Тоннель не освещался, а в карманных фонариках штрафников быстро сели батарейки. Спасало только то, что люди Агапова запаслись мощными фонарями. Их распределили по колонне, и штрафникам как-то удавалось не ломать ноги и не сворачивать носы. Хольдер дышал Кореничу в затылок, что-то бормотал, но Максим его почти не слушал. В тоннеле было холодно, люди стучали зубами, приглушенно матерились.

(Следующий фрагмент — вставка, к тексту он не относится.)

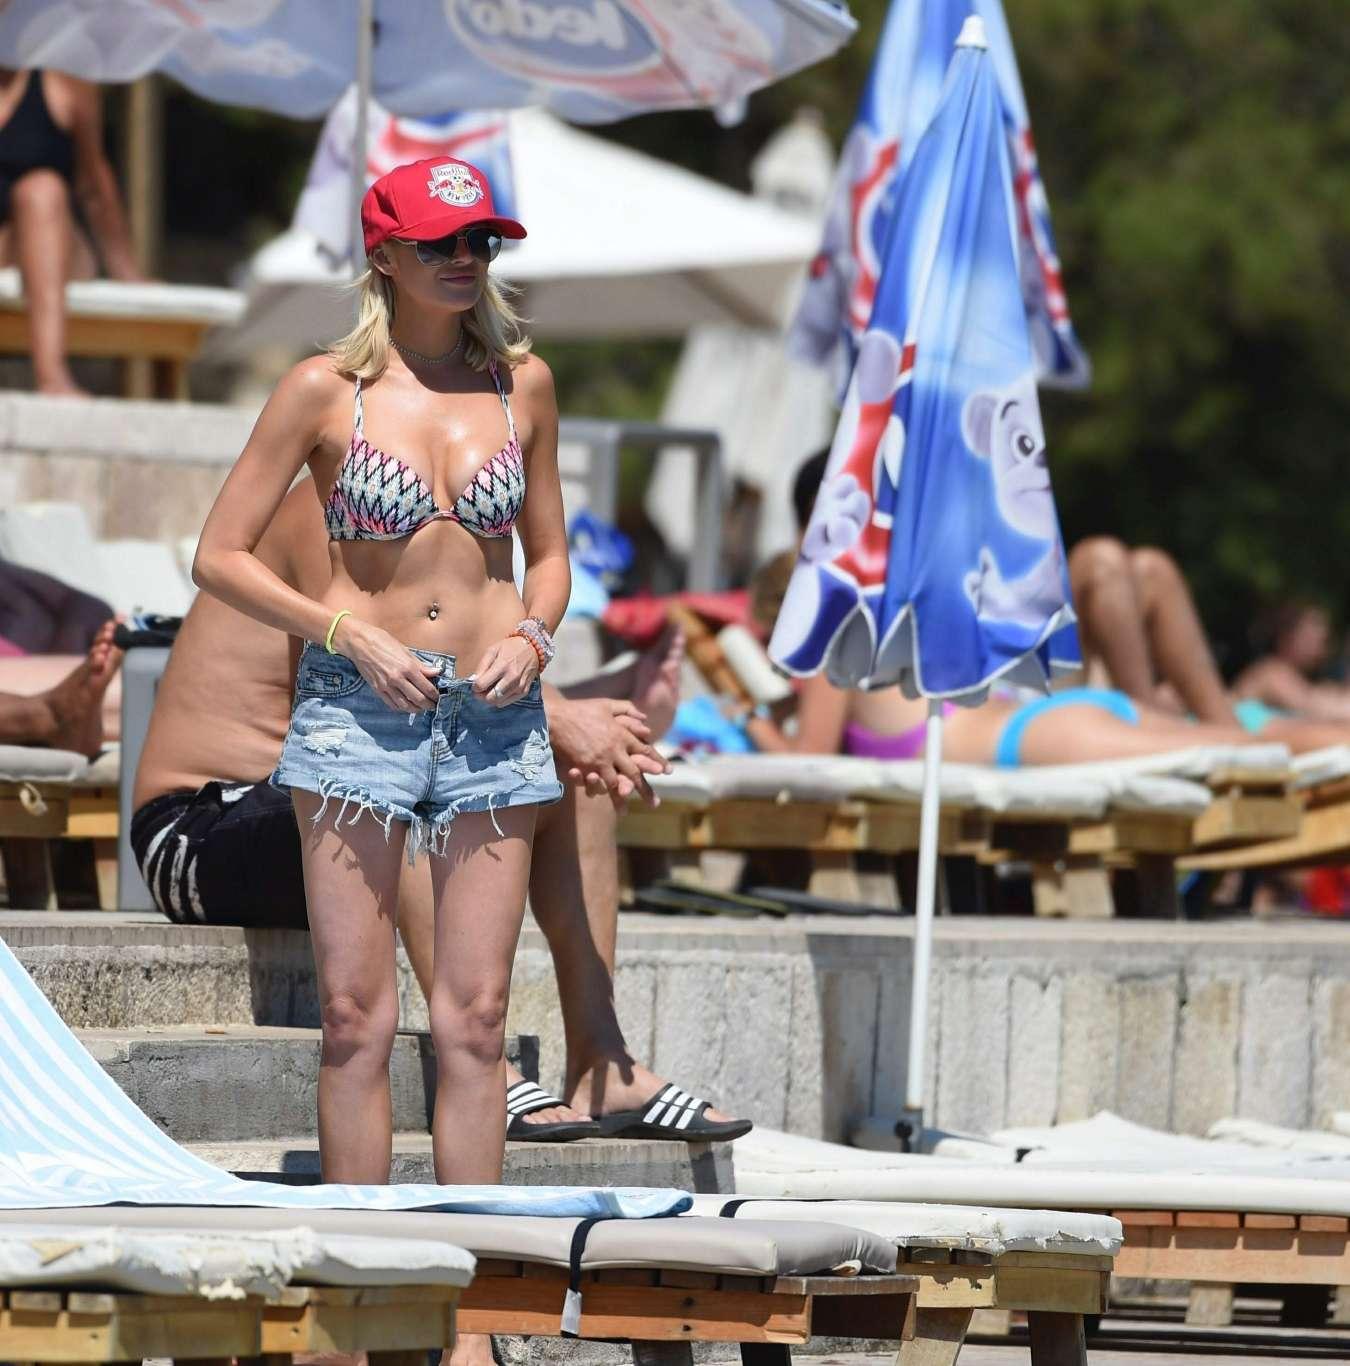 Stephanie Pratt 2017 : Stephanie Pratt: Bikini on holiday in Croatia -15
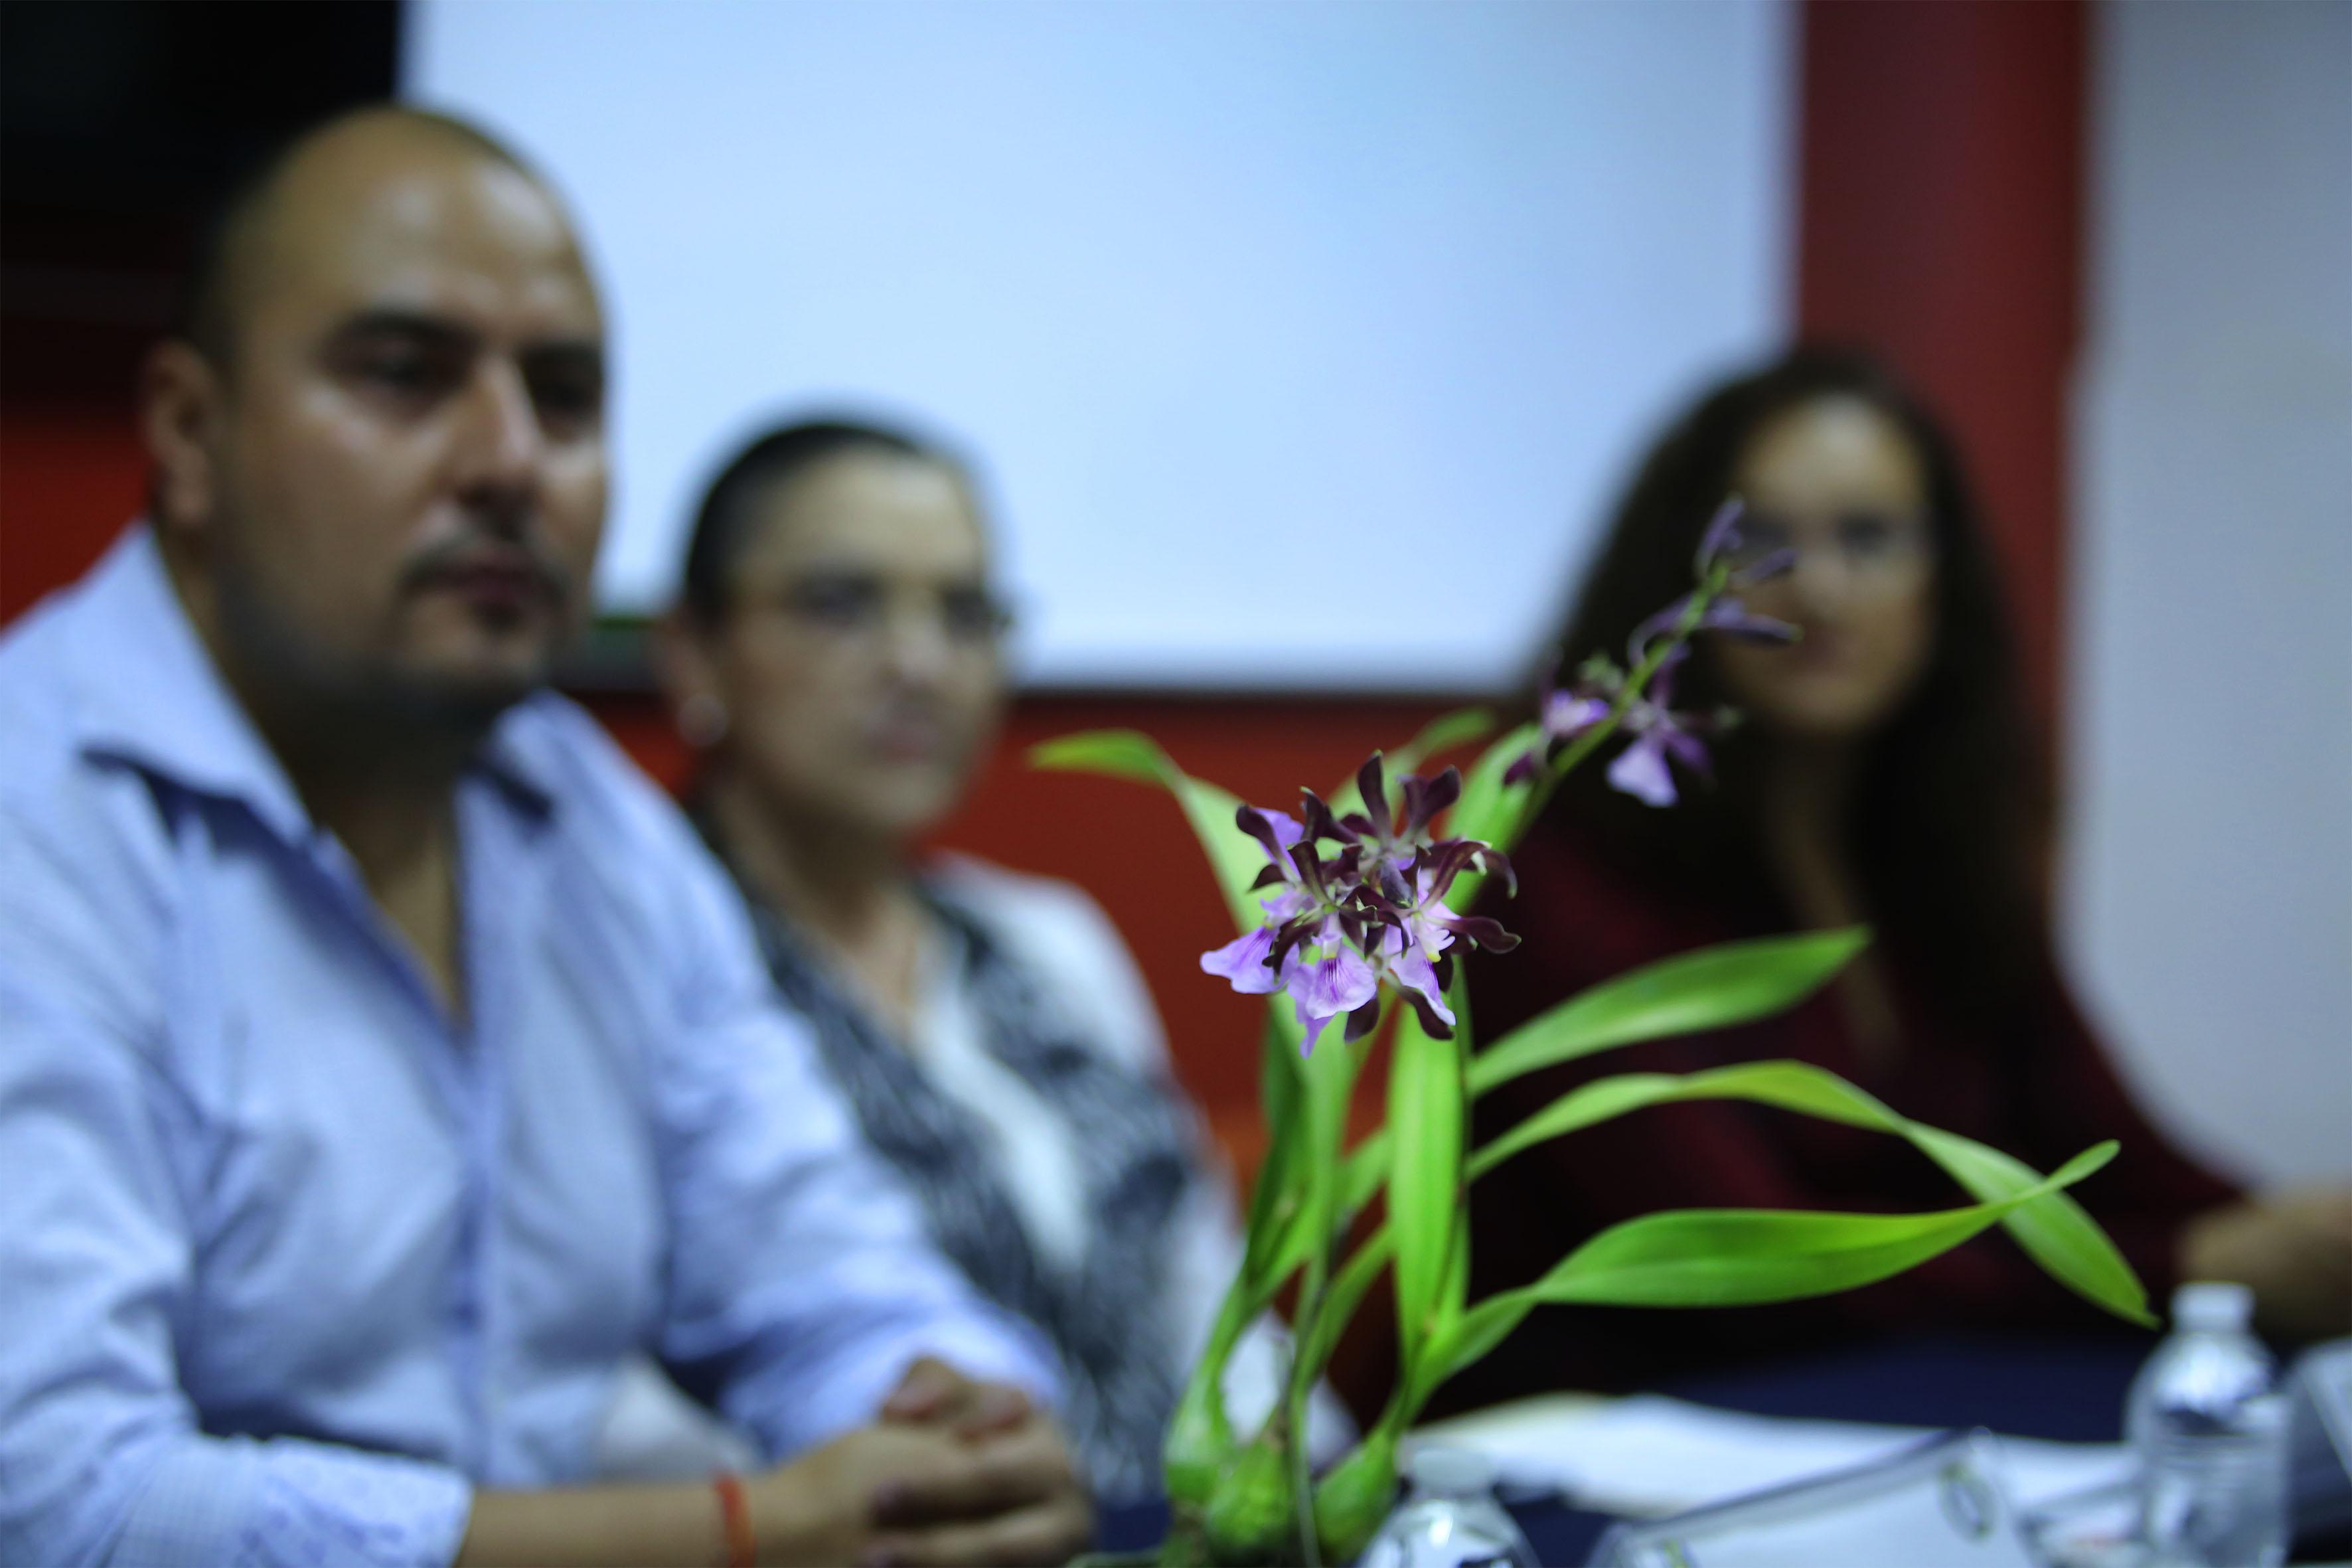 Especie mexicana de orquídea en extinción, en tonos lilas y morado.

Шли двумя колоннами, прижимаясь к стенам. Рассеянный свет вырывал из темноты стальные рельсы и стены в ржавых потеках, увитые проводами, соединительными коробками, трансформаторными устройствами. Солдаты опасливо косились на стальные двери, на ответвления от тоннеля и проваливающиеся вниз лестницы. В закоулках пищали крысы, и Кибальчик, идущий рядом с Максимом, с придыханием шептал, что больше всего на свете ненавидит крыс:

– Уж лучше фашисты, чем крысы, они симпатичнее, фашистов можно убить, а крыс сколько ни убивай – их только больше становится…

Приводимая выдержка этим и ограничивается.